Des négociations de peu d’impact
(guerre de Succession d’Autriche – guerre de Sept Ans)
Les pratiques de négociation directes entre les ports se perpétuent en
temps de paix. Les disputes qui se multiplient dans les années 1730 entre
pêcheurs français et anglais, lorsque les tensions entre les deux États se
ravivent après plus d’une décennie de relations cordiales, sont toujours
tranchées de la même manière. En mai 1739 par exemple, un pêcheur de
Dieppe, qui s’est fait dérober ses filets par un Anglais à une lieue au large
de Douvres, se rend « à Douvres pour y porter ses plaintes au Sr. Maynet
[Minet] négociant anglais, entendant le français, qu’il dit être maire de cette
ville ou en faire les fonctions 34 ». C’est seulement ensuite qu’il s’adresse
à l’officier du roi à Dieppe. Dans ces situations, les pêcheurs français se
réfèrent encore aux conventions de 1708 35.

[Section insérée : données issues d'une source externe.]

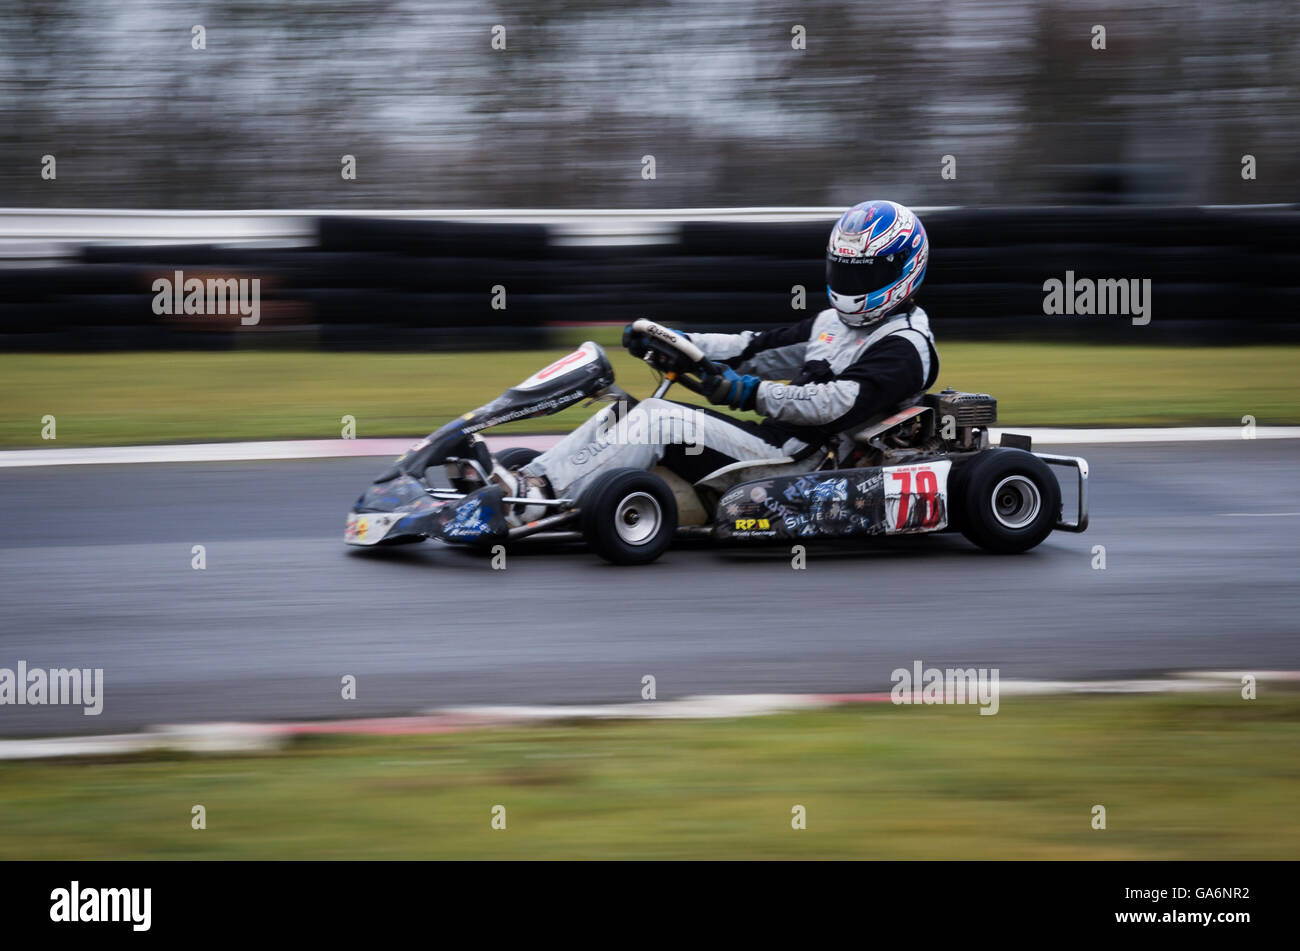 An image taken at slow shutter and panning of a speeding go kart traveling around a circuit. Stock Photo

Une fois les hostilités ouvertes, à partir de 1744, des pêcheurs sont faits
prisonniers de guerre de part et d’autre. Certains pêcheurs français tentent
alors de remettre en vigueur ce qu’on appelle le « traité de pêche » de la
guerre précédente. De nombreuses pétitions sont envoyées à cet effet au
comte de Maurepas, secrétaire d’État de la marine, par les maires et échevins
et les chambres de commerce de divers ports français, tels Calais, Dieppe
et Dunkerque. Les réponses du ministre à ces institutions locales montrent
qu’au sommet de l’État, la décision de déléguer la négociation aux communautés intéressées par la pêche s’explique par l’ignorance :
« J’apprécie M. la lettre que vous m’avez écrite le 16 de ce mois au
sujet de la convention qui a eu lieu dans les précédentes guerres contre
l’Angleterre […]. J’ignore quelles sont les démarches qui ont été faites à
cet égard, et j’ai déjà demandé des éclaircissements sur cela dans plusieurs
ports, où les négociants m’ont fait de pareilles représentations. Je vous serai
obligé de me faire part de ceux que vous pourrez me donner à ce sujet,
et je consentirai volontiers que les négociants de Dunkerque écrivent en
conséquence en Angleterre 36. »
33. Pontchartrain à Dartmouth, 17 décembre 1710, ibid., f° 76. Les occupations varient selon les
saisons et les besoins, et la césure entre marin et paysan n’est pas toujours valable. Outre les travaux
d’Alain Cabantous déjà cités, voir Cérino C. et al. (dir.), Entre terre et mer. Sociétés littorales et
pluriactivités (XVe-XXe siècle), Rennes, PUR, 2004.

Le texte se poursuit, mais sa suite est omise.